I've also got a bunch of the FCA cubes and haven't had that much warping. They are all the newer design with better support. My oldest is about a year old and I've had no problems. Great tanks. Well worth it, I only with they were a little bigger.

As for the light bebate, I'm running 3 footers from Home Depot, I think they are T-12's, is that the standard bulb? I checked the surface temp lastnight and they were running at about 115 degrees at 8:00pm. 

Luke


----------



## LMUdartfrogger (Oct 19, 2004)

Hi Jordan,

Any updates on the cube rack? Have you had any fruit flies escape? I've got the exoterras and although I've done some mods, I still get ff escaping, so I'm thinking about switching to FCA cubes.

Thanks!


----------



## josh raysin (Nov 28, 2005)

Awesome setup there! i want to convert to the FCA also. my 1st one should be here soon for fitting into a custom stand. is this the light you ordered? http://www.homeandbeyond.com/prod-0097345.html
i have been looking for a single 48" t8, the site aparently only has doubles. HD has doubles for like 35. the local elec supply wants 38 for single T8 48". it says htis one takes eithre t8 or T12, so can i get any T12 fixture and put T8 lights in it???HD has single T12 fixtures of rlike 12-15.


----------



## Jordan B (Oct 8, 2004)

Harry,
No fruit fly escapes from them that I have noticed, unlike some of my other tanks. I'm really happy with them. 

Josh,
That's the one. Any reason you prefer a single? I like the doubles better, they provide alot more light and light coverage. Not every fixture can swap between T8 and T12, they have to be specially designed or adapted to do that. 

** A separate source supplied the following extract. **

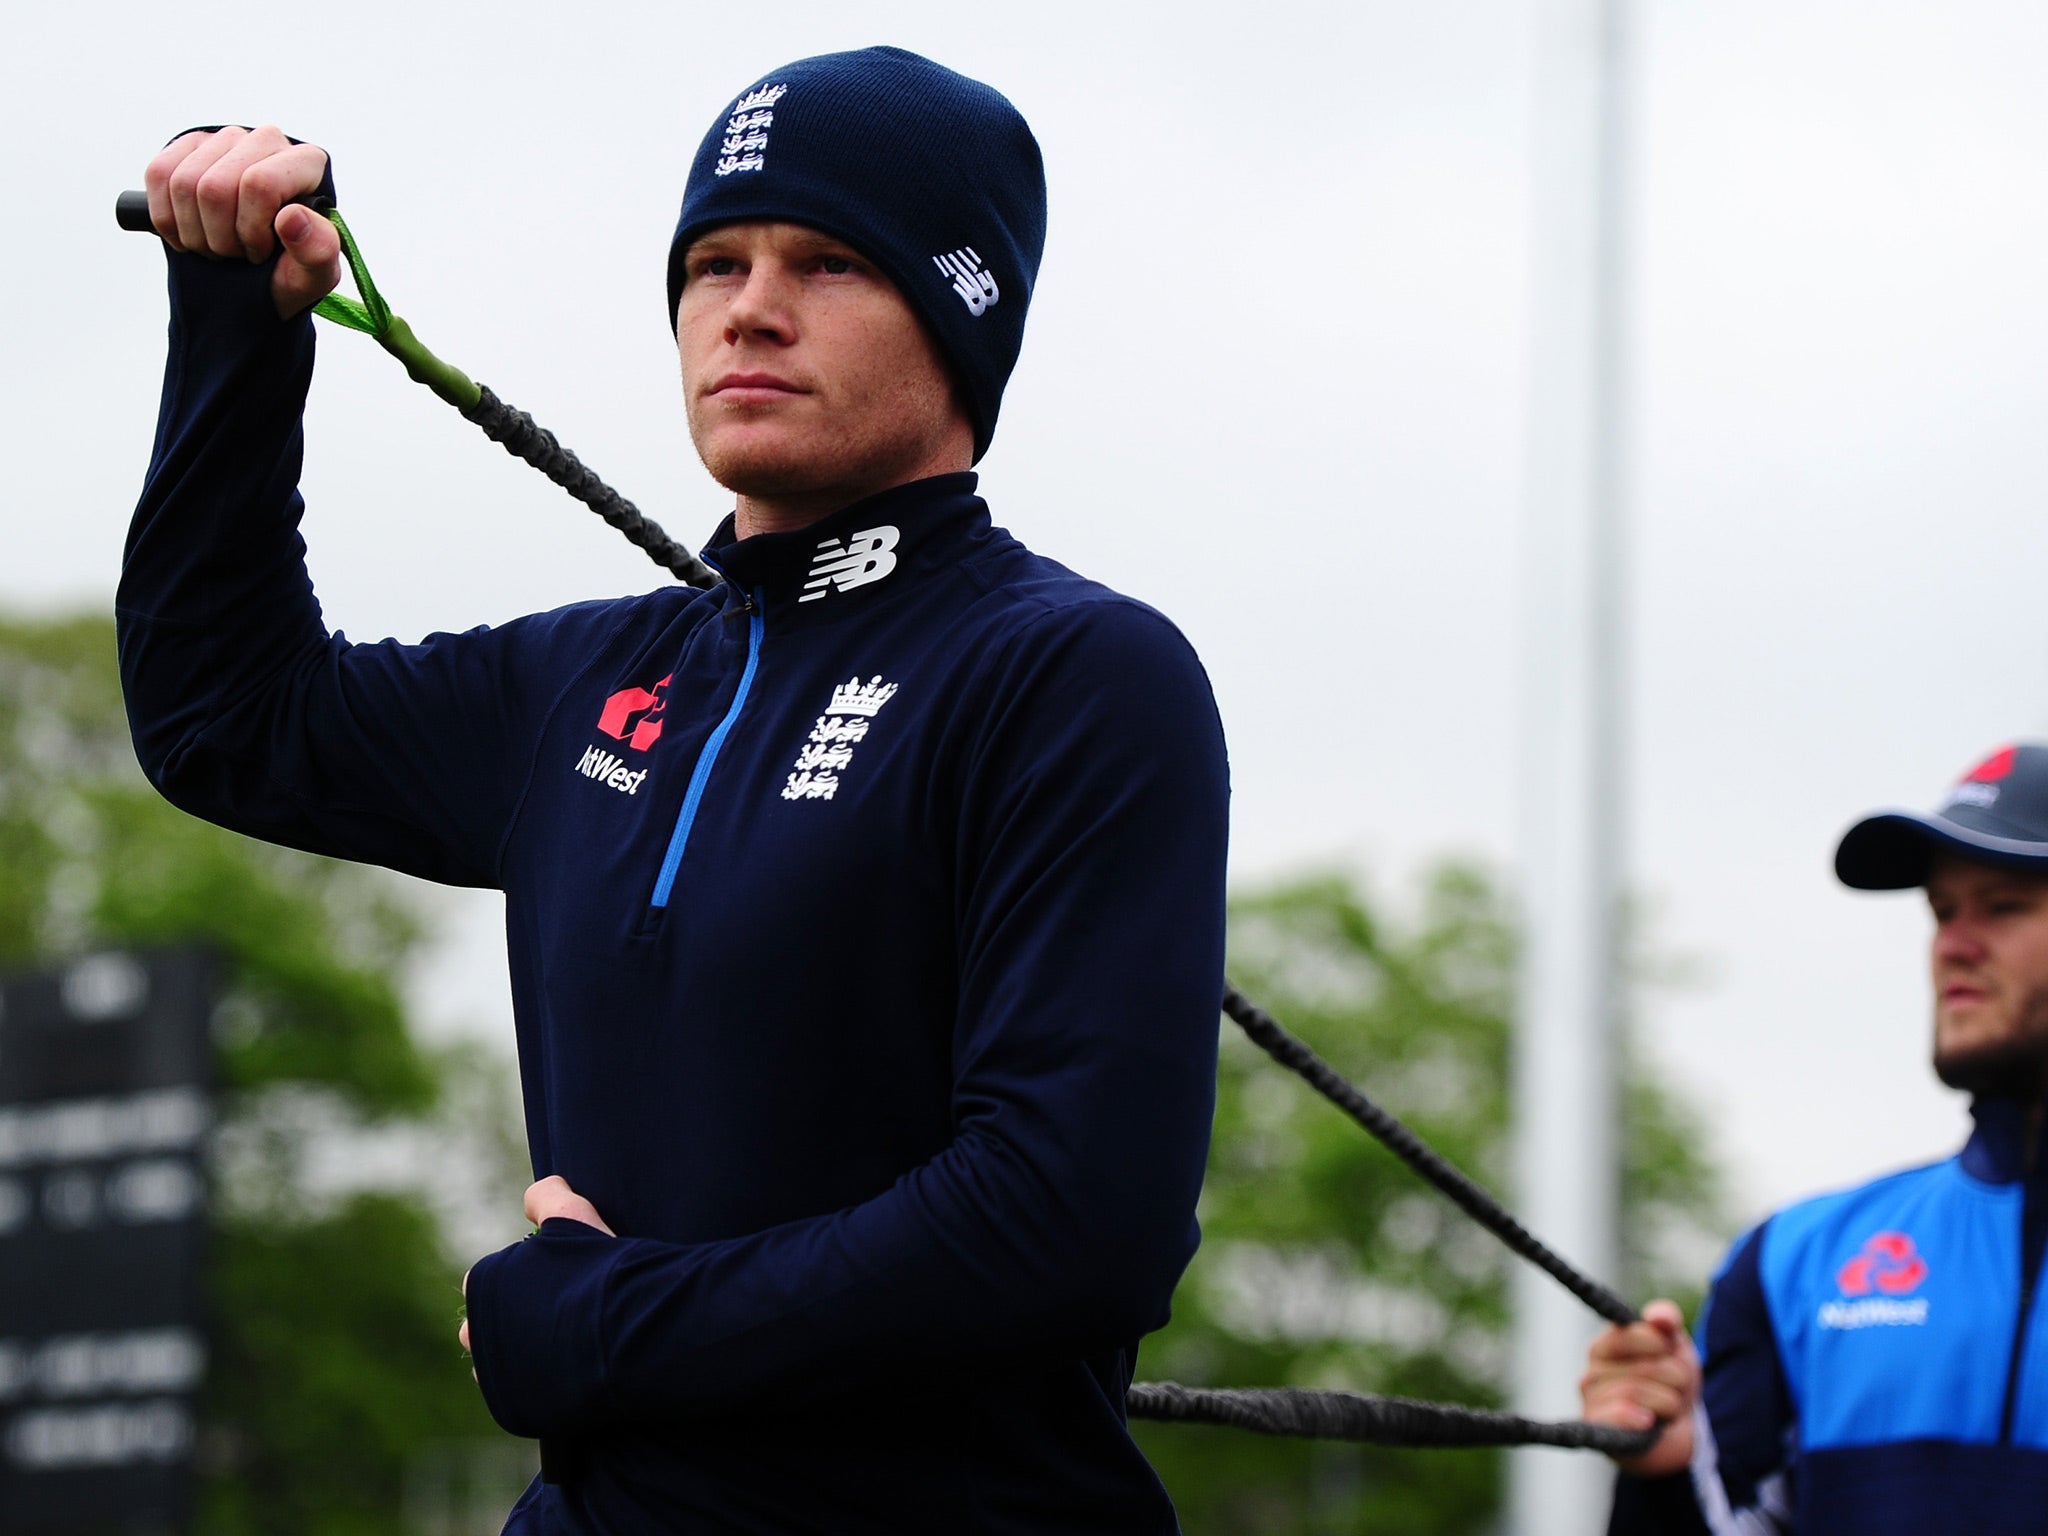 The England camp are in confident mood heading into this summer's Champions Trophy

I'll try to take and post some updated pictures of it tomorrow, the tanks are growing in really good. 

Jordan


----------



## bluedart (Sep 5, 2005)

Not too shabby 


WHOA! I JUST TURNED AROUND, AND IT'S THE FIRST TIME I'VE NOTICED ONE OF THE CAYO CLIMBING THE GLASS!!! SWEET!!!

Nice tanks.


----------



## Jordan B (Oct 8, 2004)

Ok, so the original pics are from January 31, 2006. Here it is today (4 months later). 
































































Pupping cryptanthus (planted epiphytically Todd )













































A resident (male):


















A resident (female):










And on another note, this is my tinc tank from around 3 years ago right after being set up.









And here it is today:









Vent tank right after set up a few years ago:









And here it is today:









Enjoy!
Jordan


----------



## glowfrog (May 3, 2006)

What is that loverly red plant on the left side of pic 6?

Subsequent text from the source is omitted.